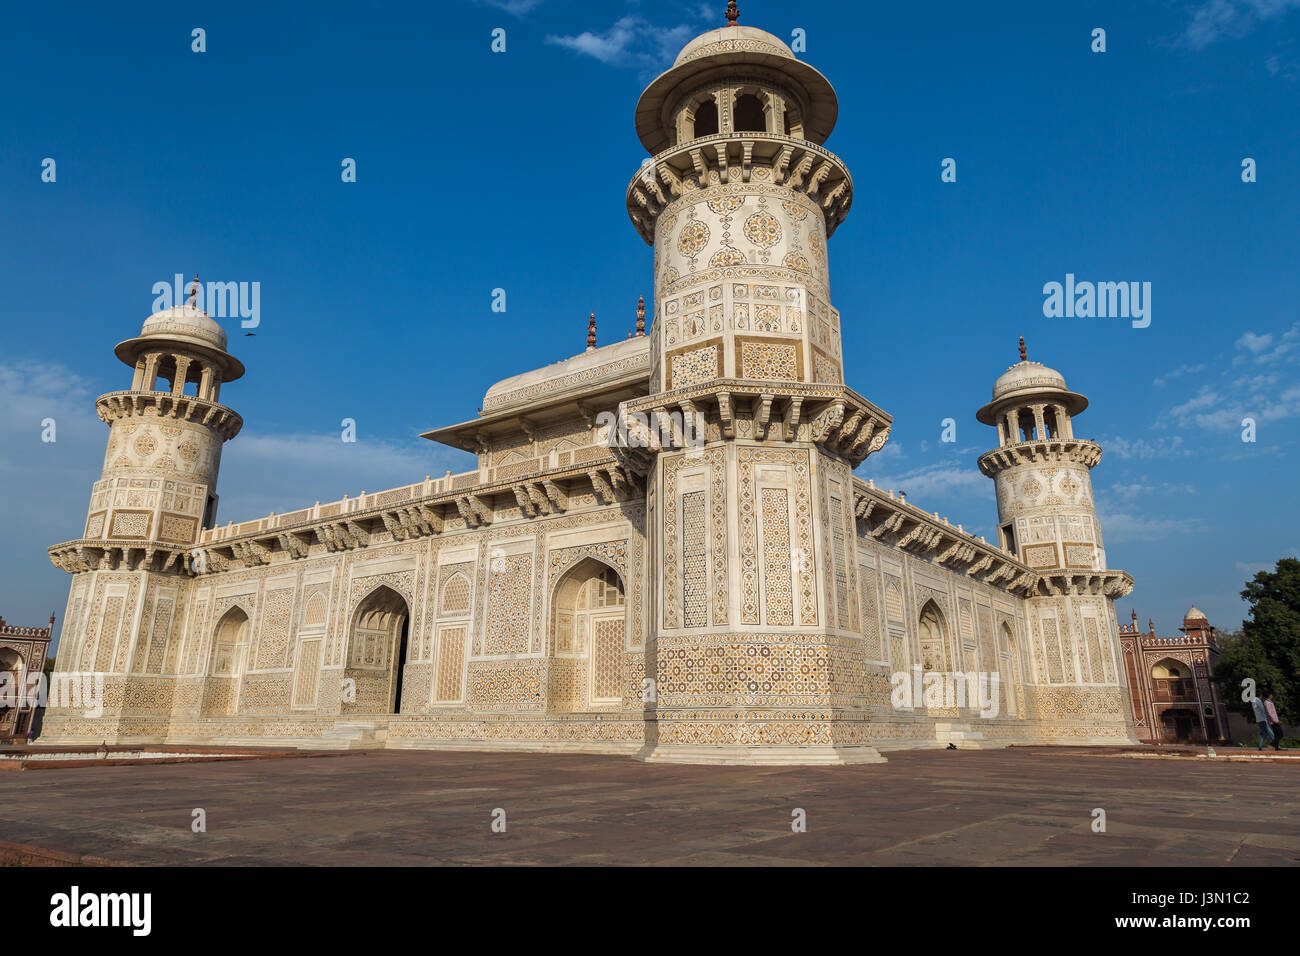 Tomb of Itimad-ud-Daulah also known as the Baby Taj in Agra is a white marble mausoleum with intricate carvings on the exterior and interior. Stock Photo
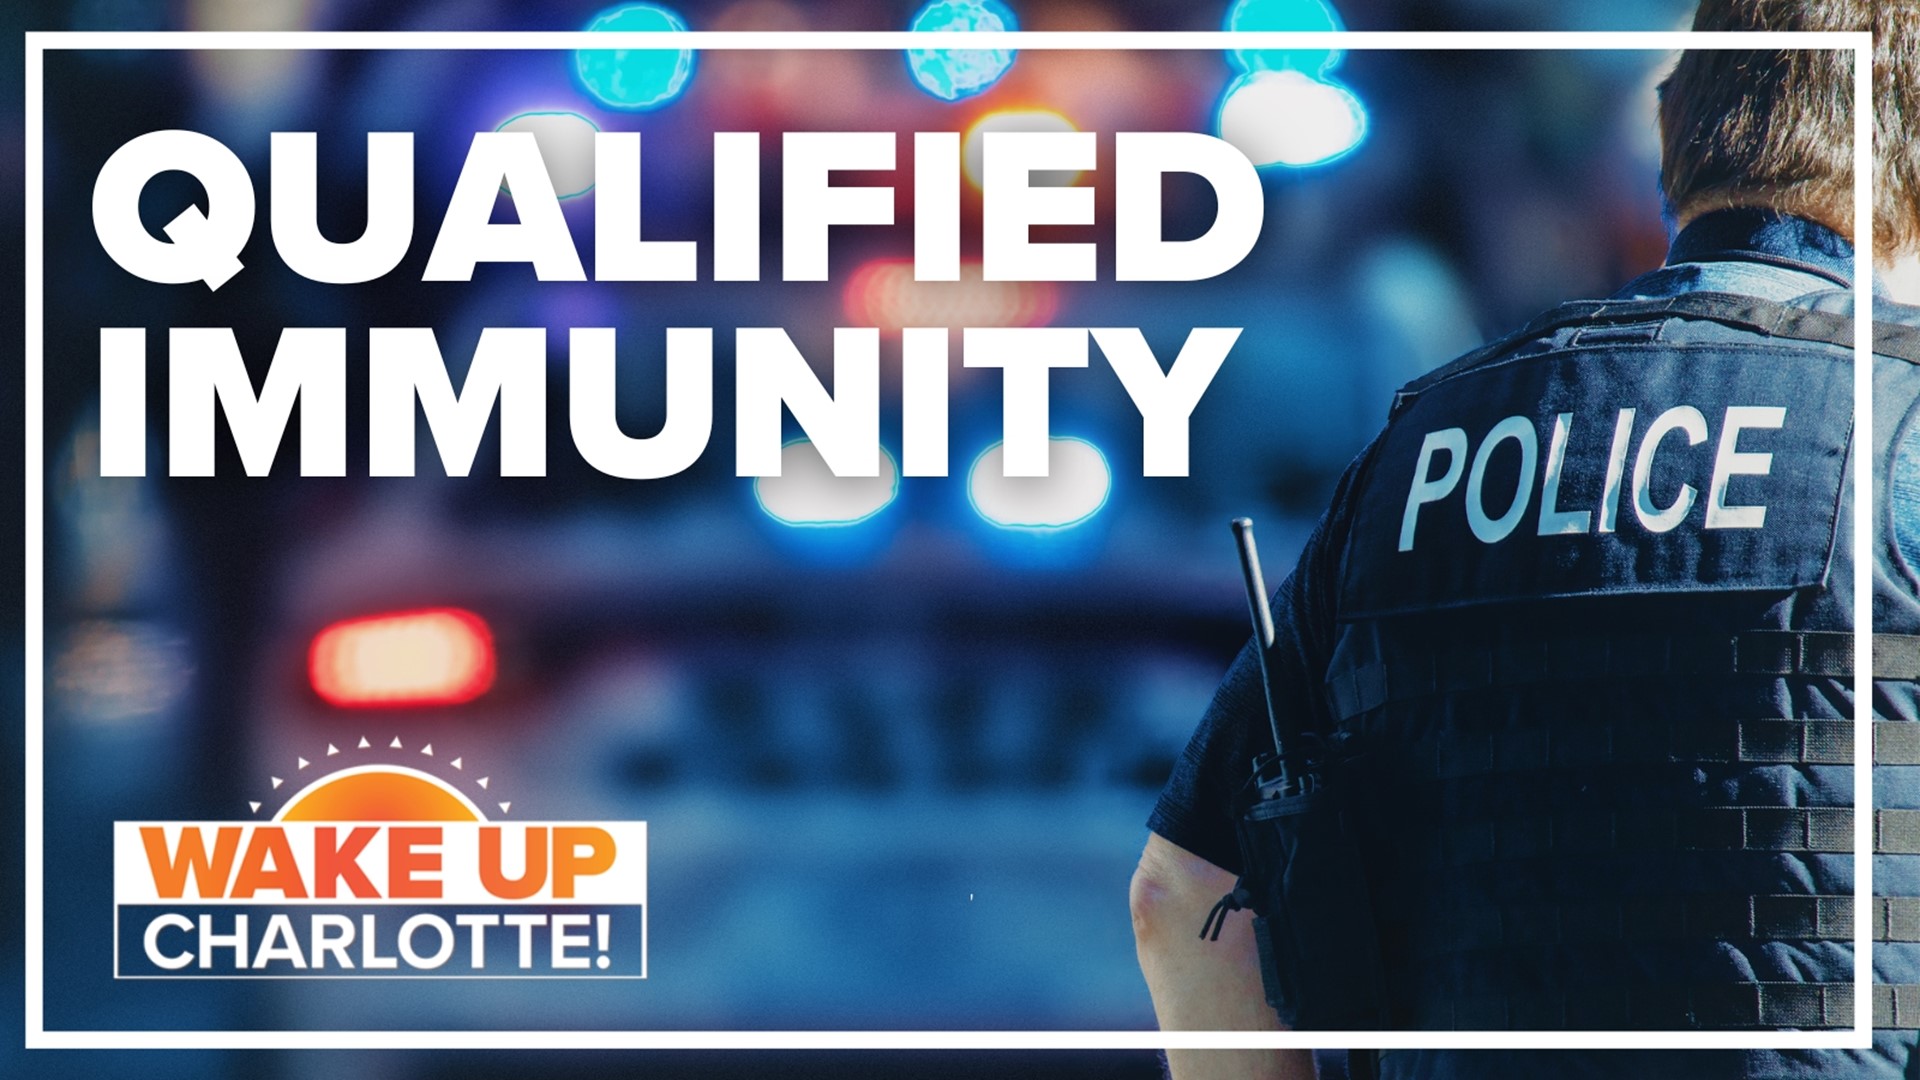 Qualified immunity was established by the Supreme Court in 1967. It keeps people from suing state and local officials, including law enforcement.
==
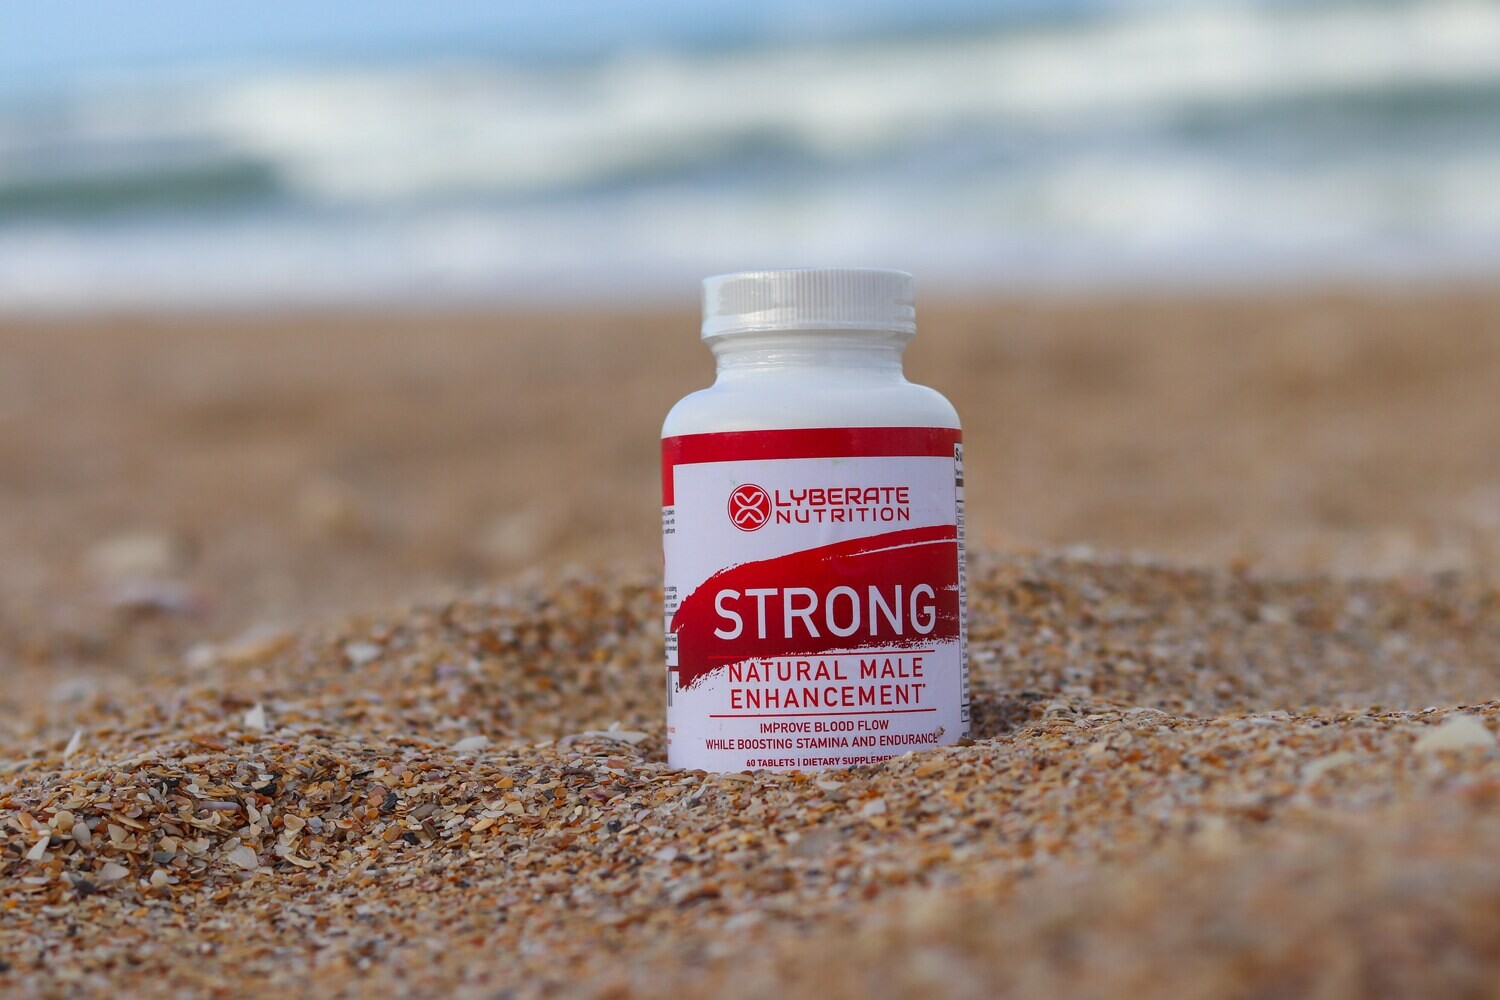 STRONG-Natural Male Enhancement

◆ **What is needed**: Within the entries above, the lines from the one containing "Tomb of Itimad-ud-Daulah" through the one containing "Qualified immunity was" are to be transcribed exactly, ends included, pictures excluded.

◆ **Solution**:
 Tomb of Itimad-ud-Daulah also known as the Baby Taj in Agra is a white marble mausoleum with intricate carvings on the exterior and interior. Stock Photo
 Qualified immunity was established by the Supreme Court in 1967. It keeps people from suing state and local officials, including law enforcement.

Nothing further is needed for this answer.